Eigenvalues are not just random numbers; they are intimately related to the matrix itself. To find them, we examine the characteristic polynomial of the matrix, which emerges from the determinant of the matrix minus a scalar multiplied by the identity matrix, often denoted as \( (A - \lambda I) \).

• Eigenvalues determine stability: For real-world systems described by matrices, eigenvalues can indicate stability or predict oscillatory behavior.
• In diagonalization, distinct eigenvalues suggest that a matrix is diagonalizable, but repeated eigenvalues require further inspection of eigenvectors.

Understanding eigenvalues is crucial for matrix diagonalization, as they reveal if and how a matrix can be converted into a simpler, diagonal form.

Eigenvectors

While eigenvalues tell us how a matrix stretches a vector, eigenvectors show the direction in which this stretching occurs. They are the vectors that remain unchanged in direction during the application of the matrix transformation. Hence, an eigenvector corresponds to each eigenvalue.
To find an eigenvector corresponding to a matrix eigenvalue, we solve the equation \( (A - \lambda I) \mathbf{v} = 0 \), where \( \mathbf{v} \) is the eigenvector. The solution to this equation provides us with the basis vectors that span the eigenspace of the matrix.

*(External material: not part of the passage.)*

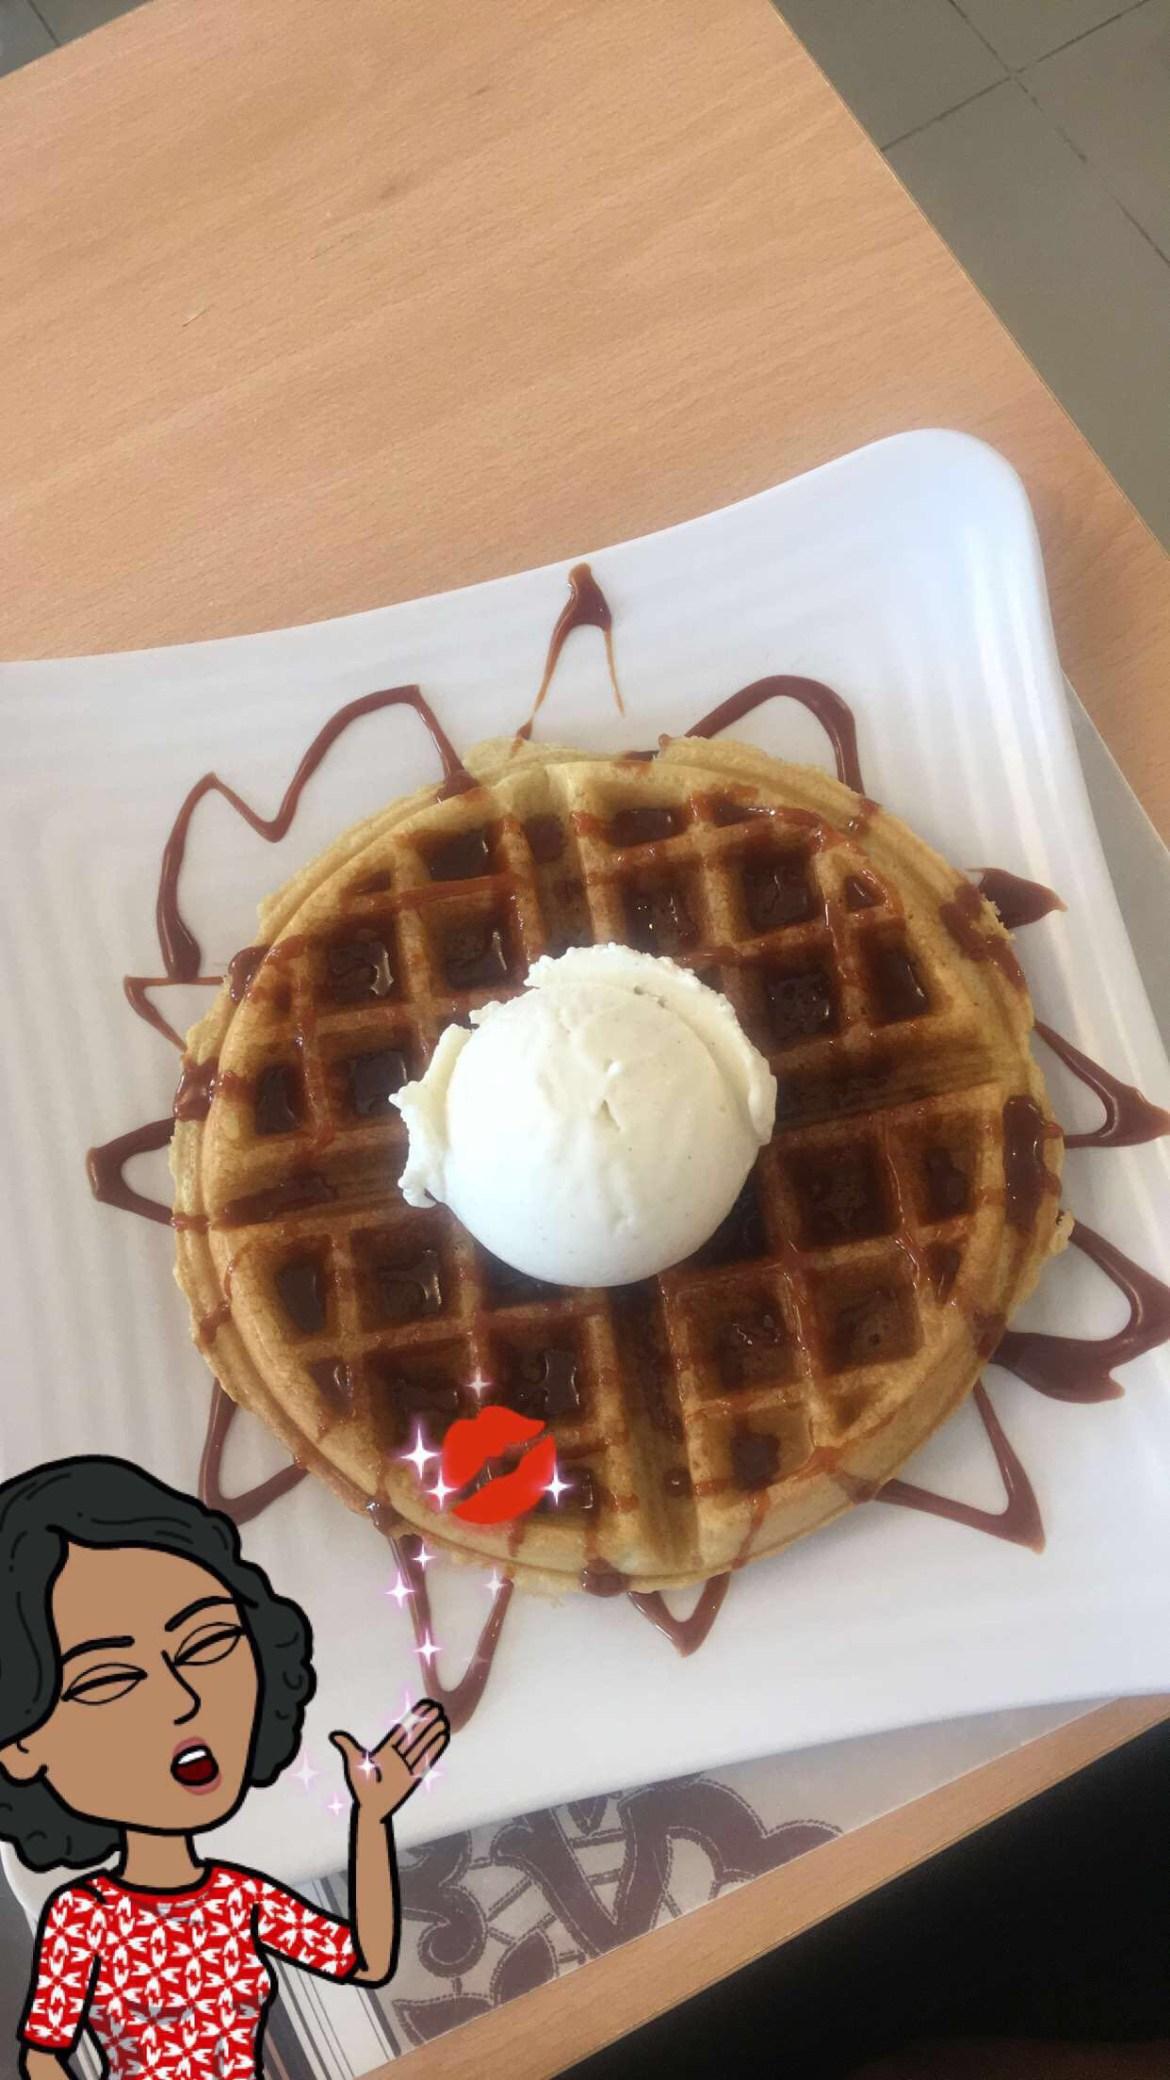 Chloe's Waffles & Icecream

• For a matrix to be diagonalizable, its eigenvectors must form a basis; in other words, they should be linearly independent and fill the entire vector space.
• If the number of linearly independent eigenvectors is less than the dimension of the matrix, then the matrix is not diagonalizable.

In cases where a matrix has repeated eigenvalues, special attention is needed to check if enough linearly independent eigenvectors exist.

Invertible Matrix

An invertible matrix, also known as a non-singular matrix, is one that can be "reversed", meaning that there exists another matrix which, when multiplied with the original, results in the identity matrix \( I \). For a matrix \( P \), being invertible implies there exists a matrix \( P^{-1} \) such that \( PP^{-1} = I \).
In the context of matrix diagonalization, an invertible matrix \( P \) is crucial. It is used to relate the original matrix \( A \) to its diagonal form \( D \) through the transformation \( A = PDP^{-1} \).

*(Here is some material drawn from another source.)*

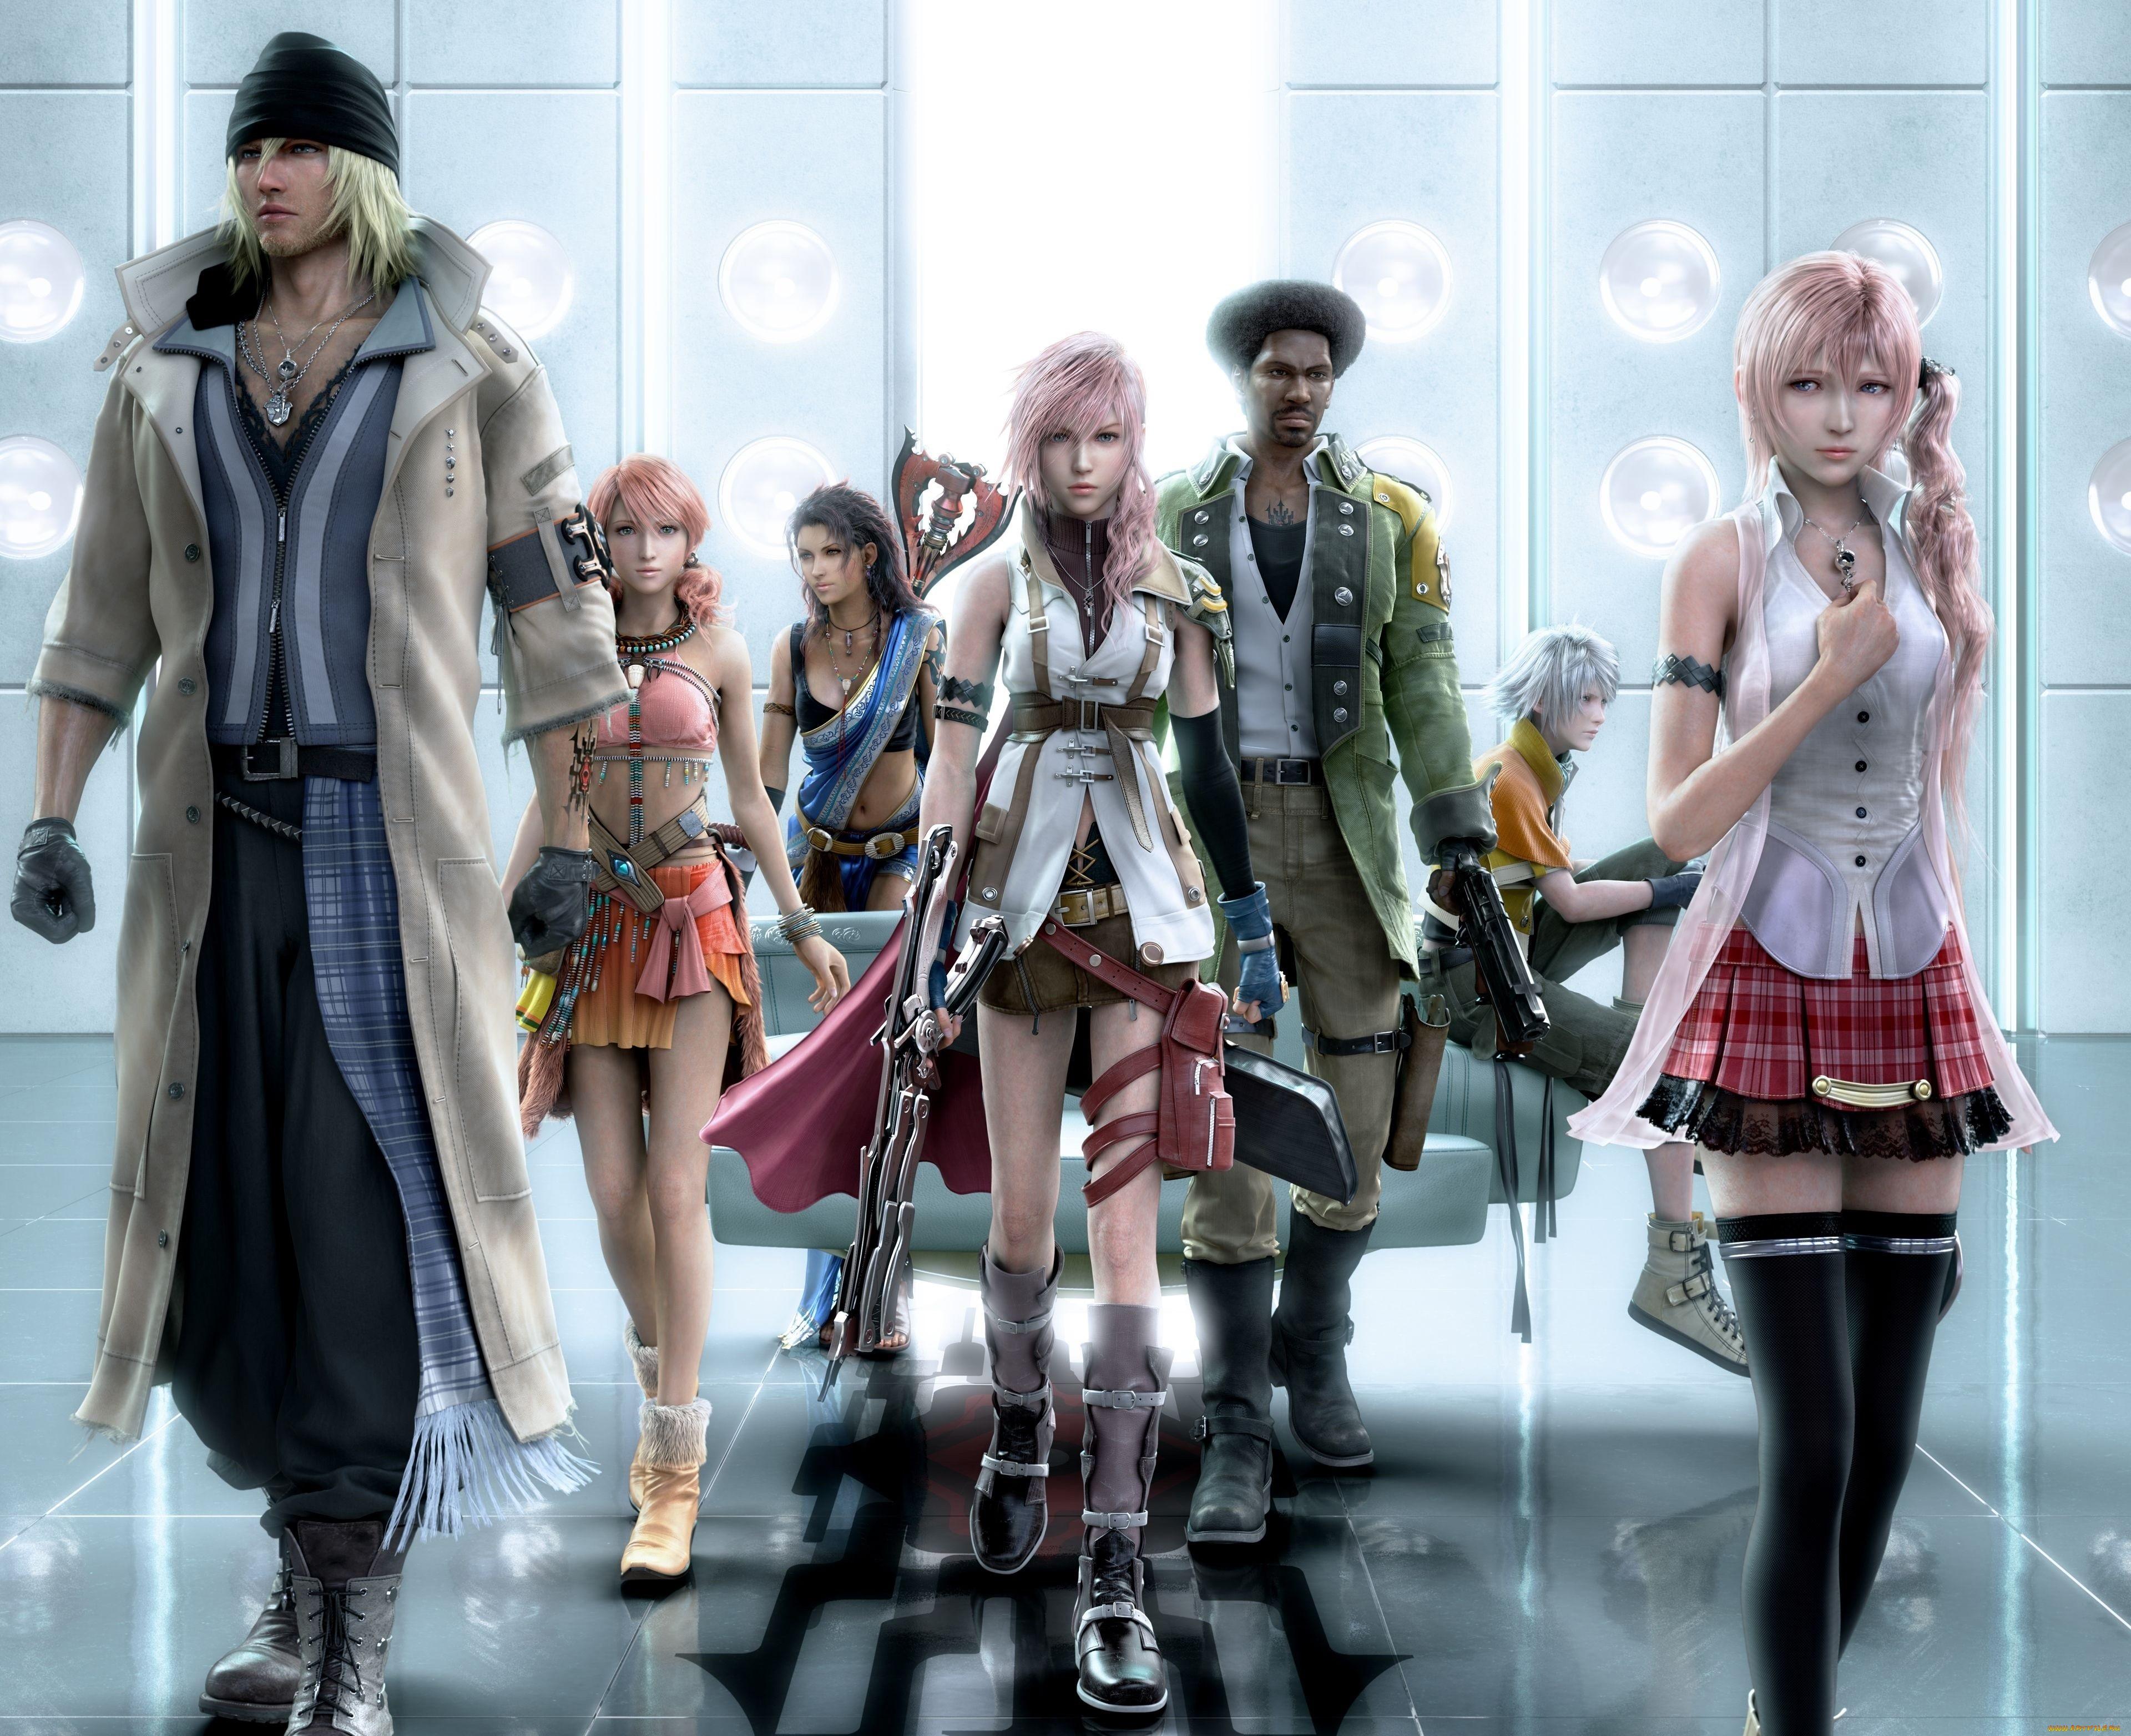 Final Fantasy 4k Hd Games 4k Wallpapers Images: Final Fantasy 4k Artwork, HD Games, 4k Wallpapers, Images

• The presence of \( P^{-1} \) ensures that the transformation can be "undone" to retrieve the original matrix \( A \).
• An invertible matrix has non-zero determinant, further implying that all its eigenvalues are non-zero.

Thus, invertibility is a necessary condition to employ the diagonalization process, ensuring that the matrix representation can be reversed.

Characteristic Polynomial

The characteristic polynomial provides a crucial insight into the matrix by revealing its eigenvalues. Constructed from the matrix \( A \), the characteristic polynomial is obtained by computing the determinant of \( (A - \lambda I) \).
For instance, if we have a matrix \( B \), its characteristic polynomial is derived by determining \( \det(B - \lambda I) \). The solutions to the equation set by the characteristic polynomial, \( \det(B - \lambda I) = 0 \), are the eigenvalues of \( B \).

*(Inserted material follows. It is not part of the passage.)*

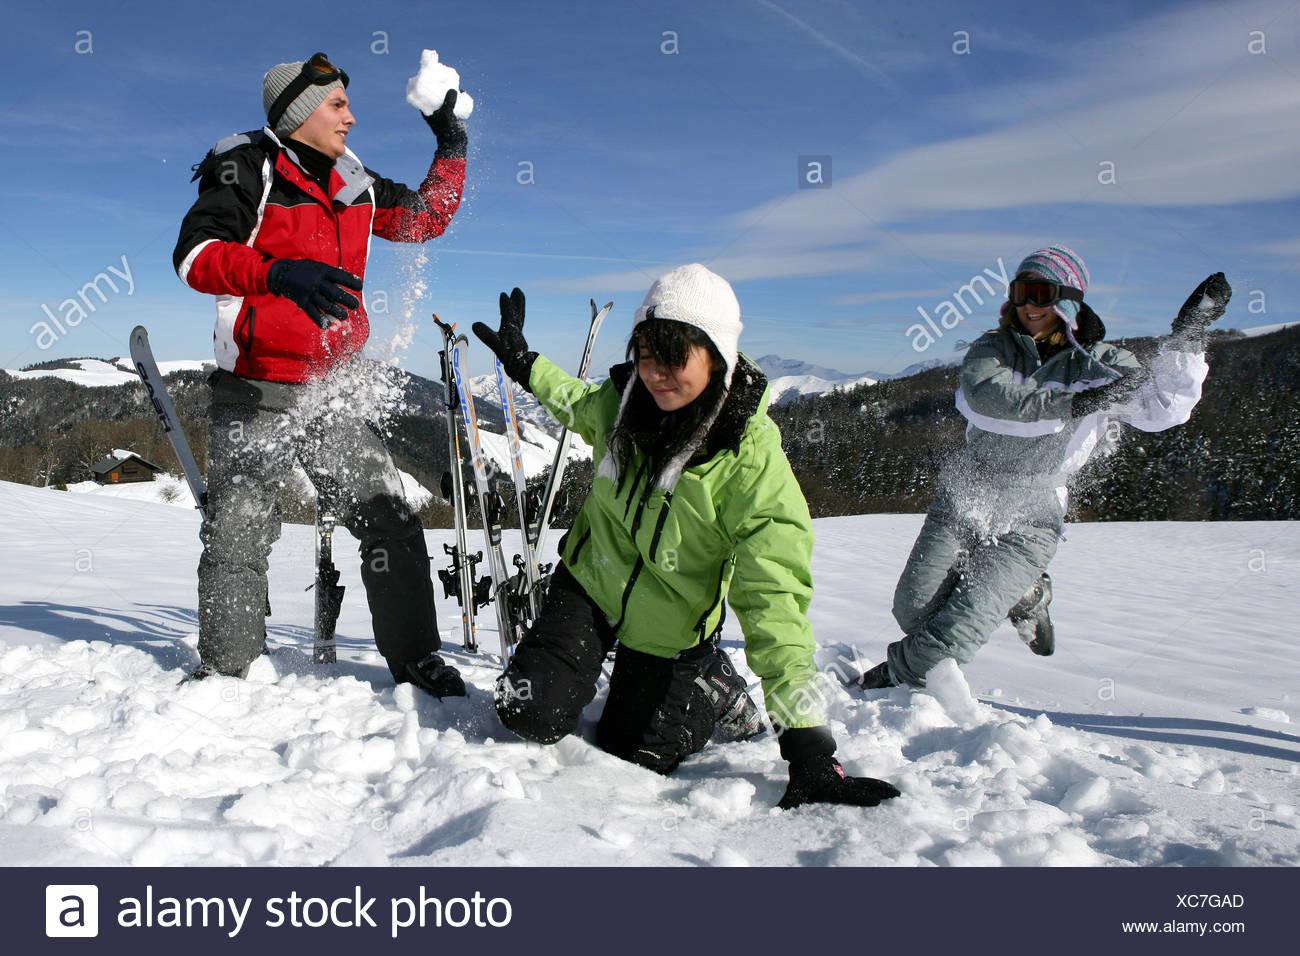 profile woman women friendship ski skiing snowball fight young younger enthusiasm amusement enjoyment joy gag joke pleasure fun - Stock Image

• This polynomial has a degree equal to the size of the matrix, indicating the maximum number of eigenvalues the matrix can have.
• The roots of the characteristic polynomial, in terms of algebraic multiplicity, indicate the number of times each eigenvalue appears.

Thus, the characteristic polynomial serves as a vital tool in diagonalization, identifying eigenvalues that need further verification for geometric properties.